- REQUIREMENT: Within the lines below, the span from the line with "11 Olive Garden" to the line with "SAH, Dovre prestekontor, Ministerialbok", both ends included, is to be reproduced exactly, with pictures omitted.

(Beginning of DATA PROVIDED)

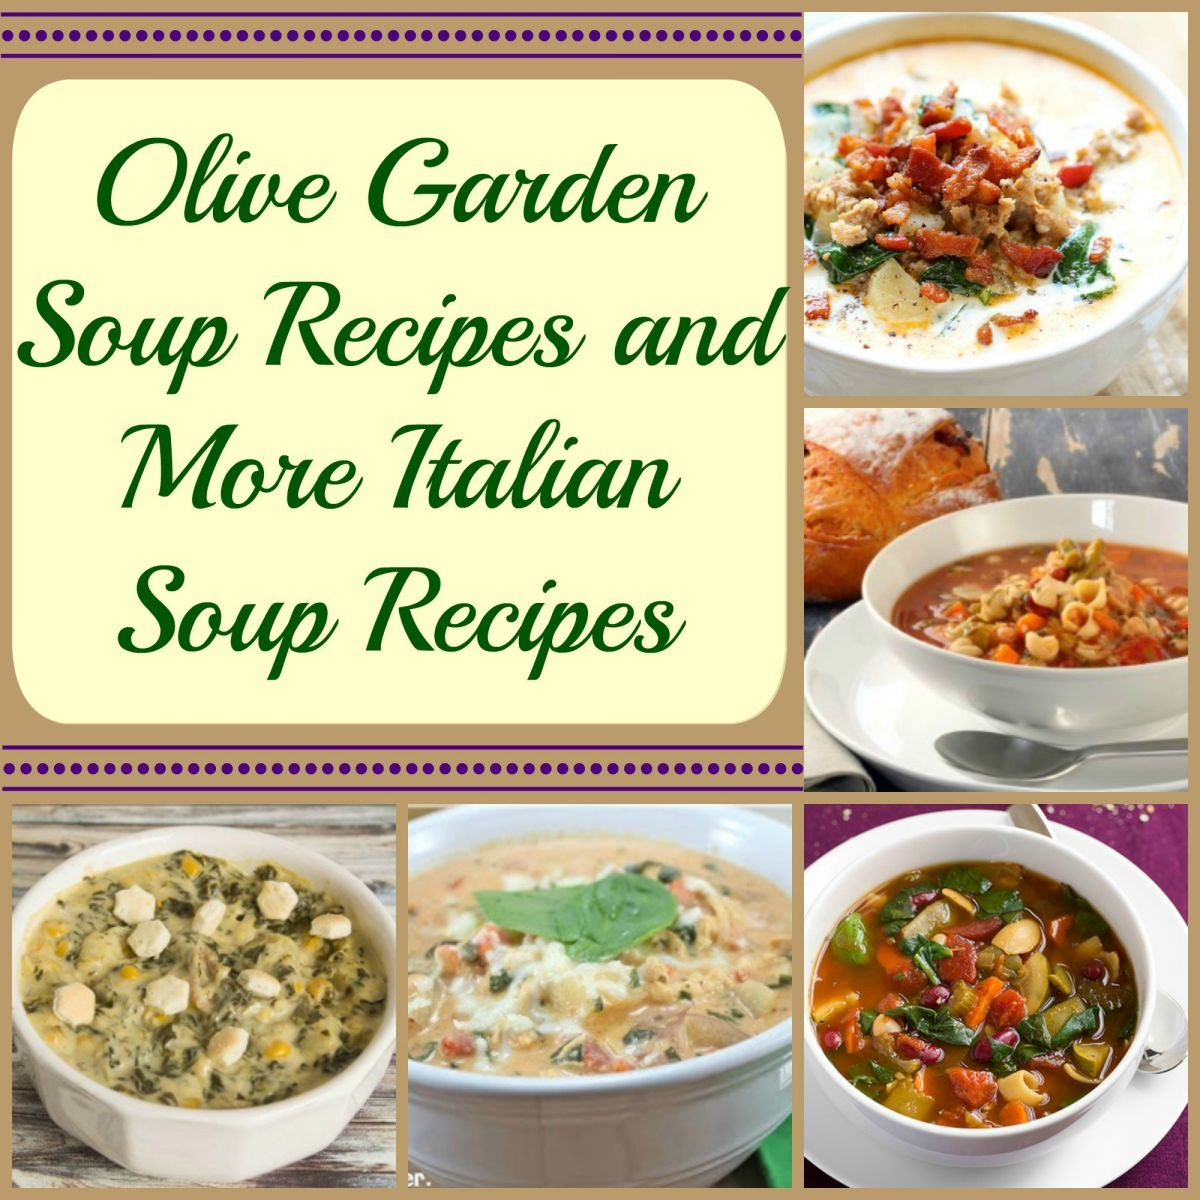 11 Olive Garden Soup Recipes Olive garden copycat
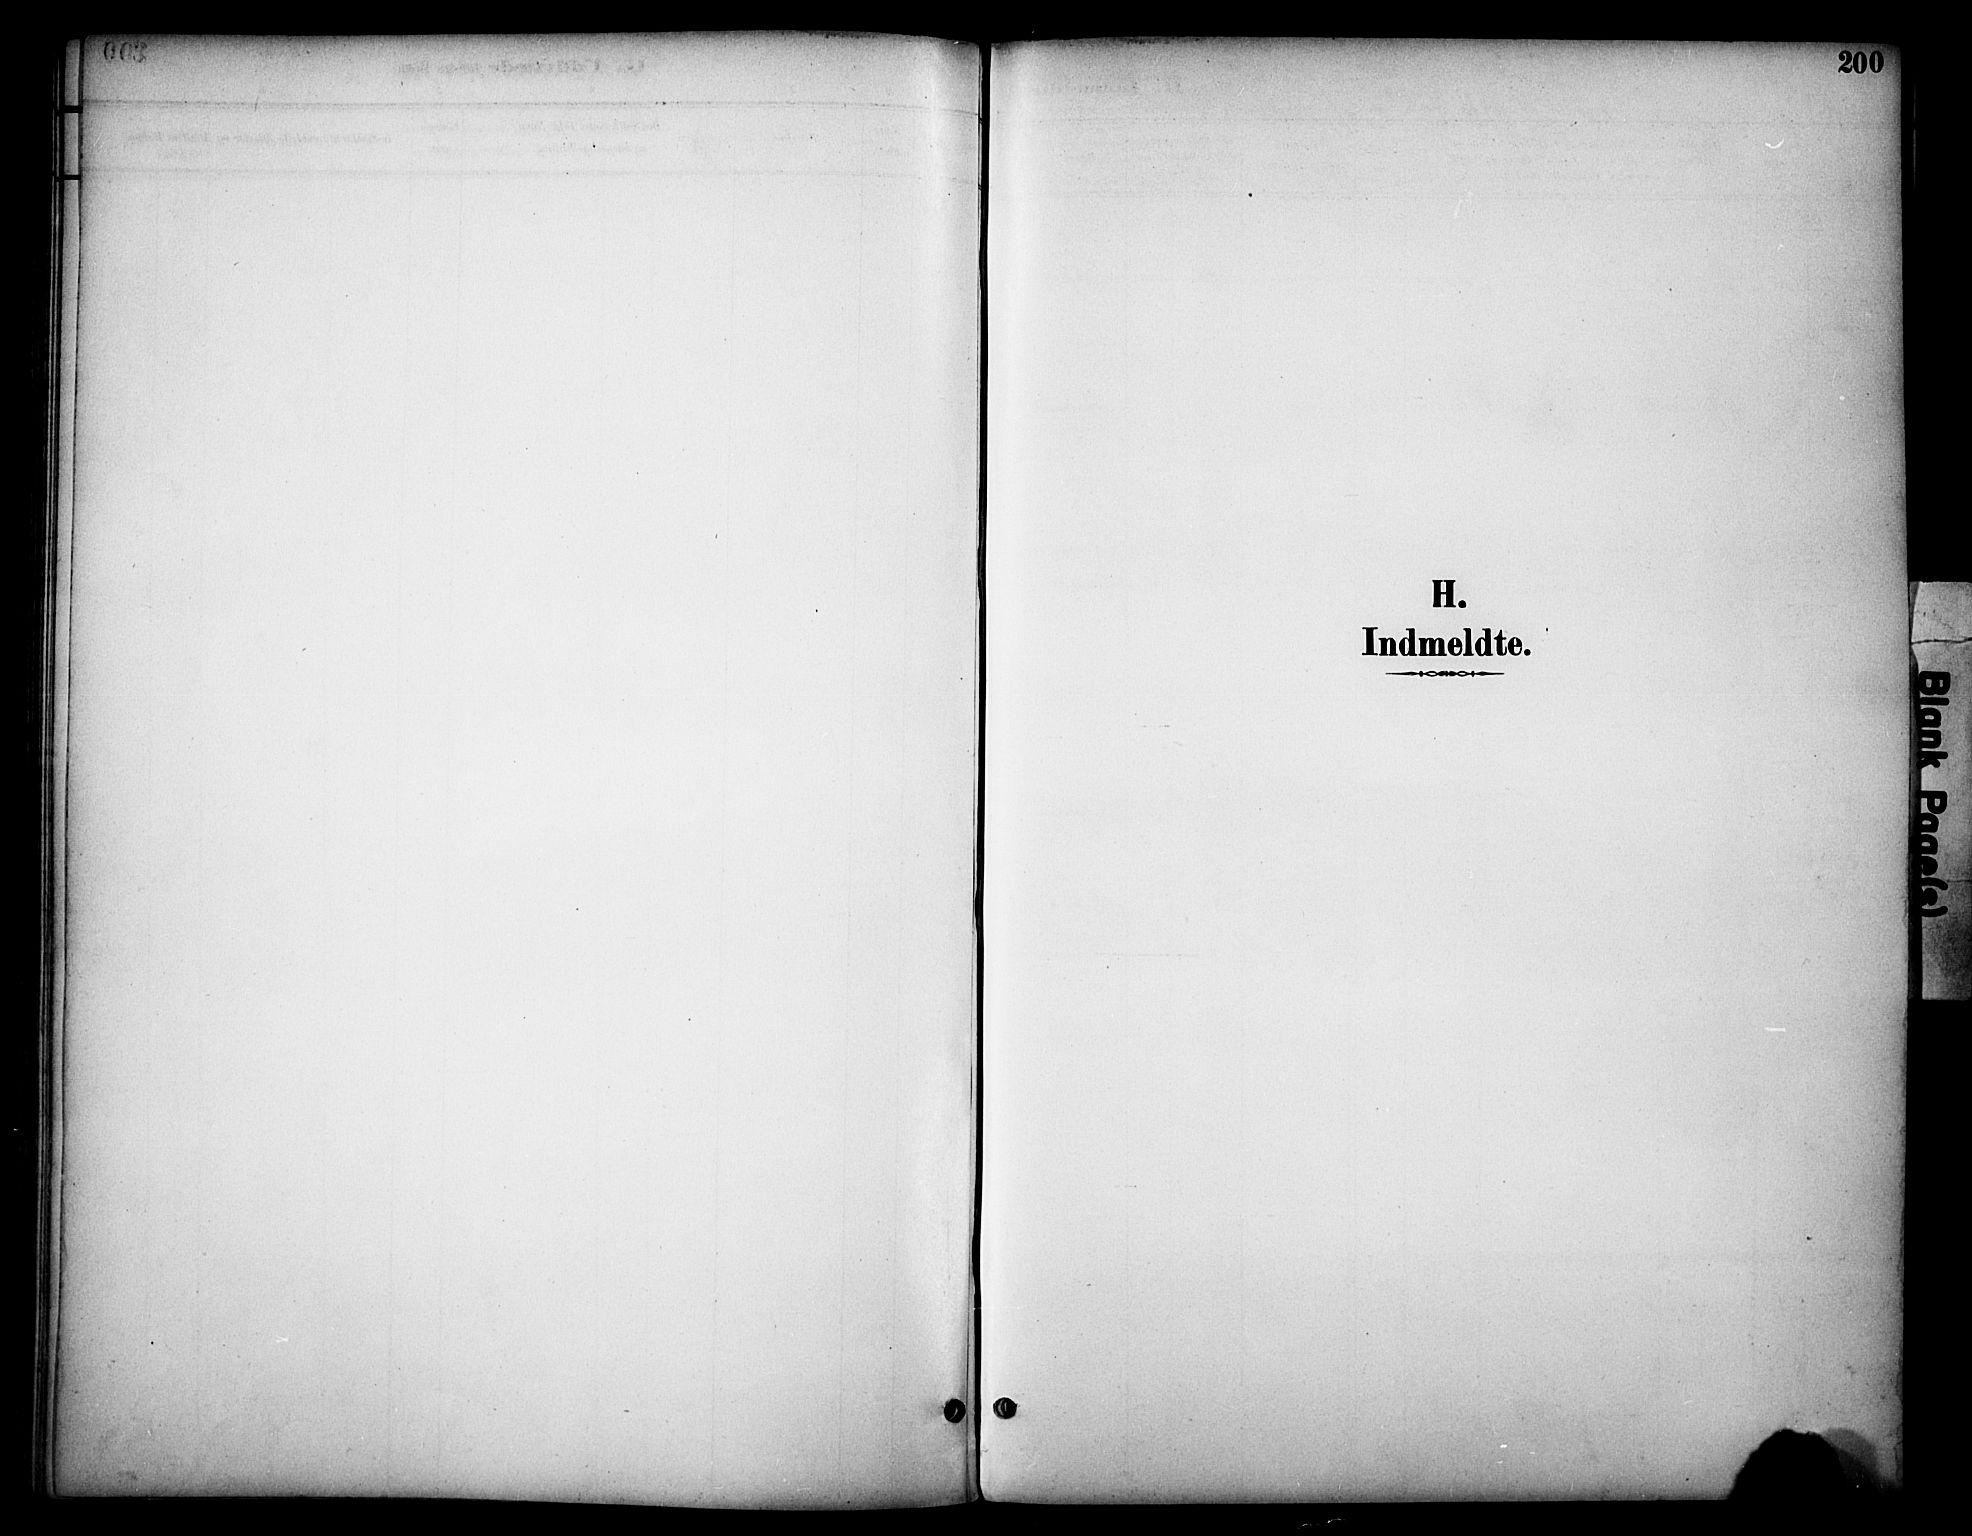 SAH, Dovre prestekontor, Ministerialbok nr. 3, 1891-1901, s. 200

(End of DATA PROVIDED)
(Beginning of DATA PROVIDED)

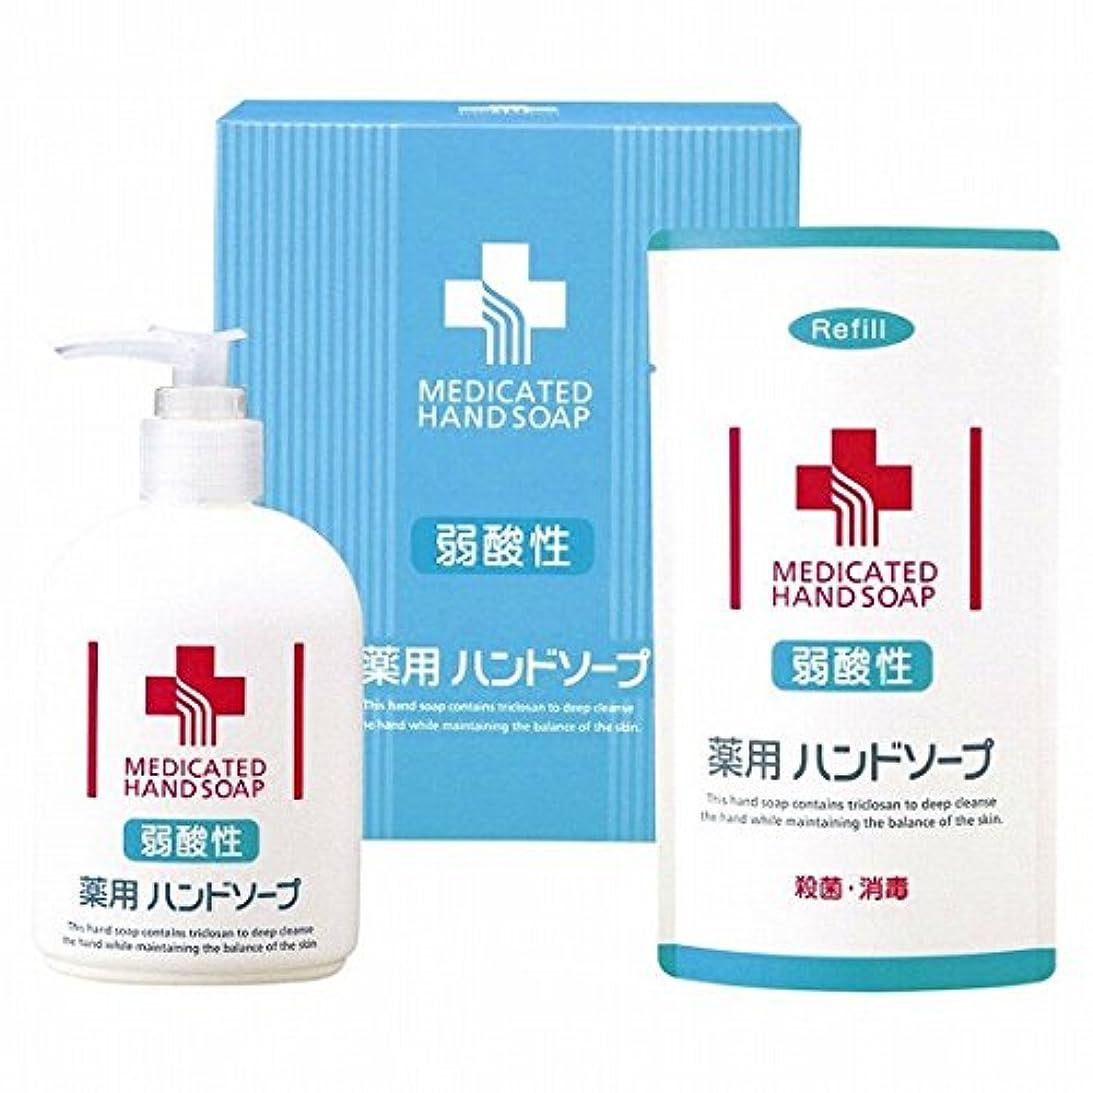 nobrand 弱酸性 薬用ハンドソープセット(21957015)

(End of DATA PROVIDED)

- TASK OUTPUT:
 11 Olive Garden Soup Recipes Olive garden copycat
 SAH, Dovre prestekontor, Ministerialbok nr. 3, 1891-1901, s. 200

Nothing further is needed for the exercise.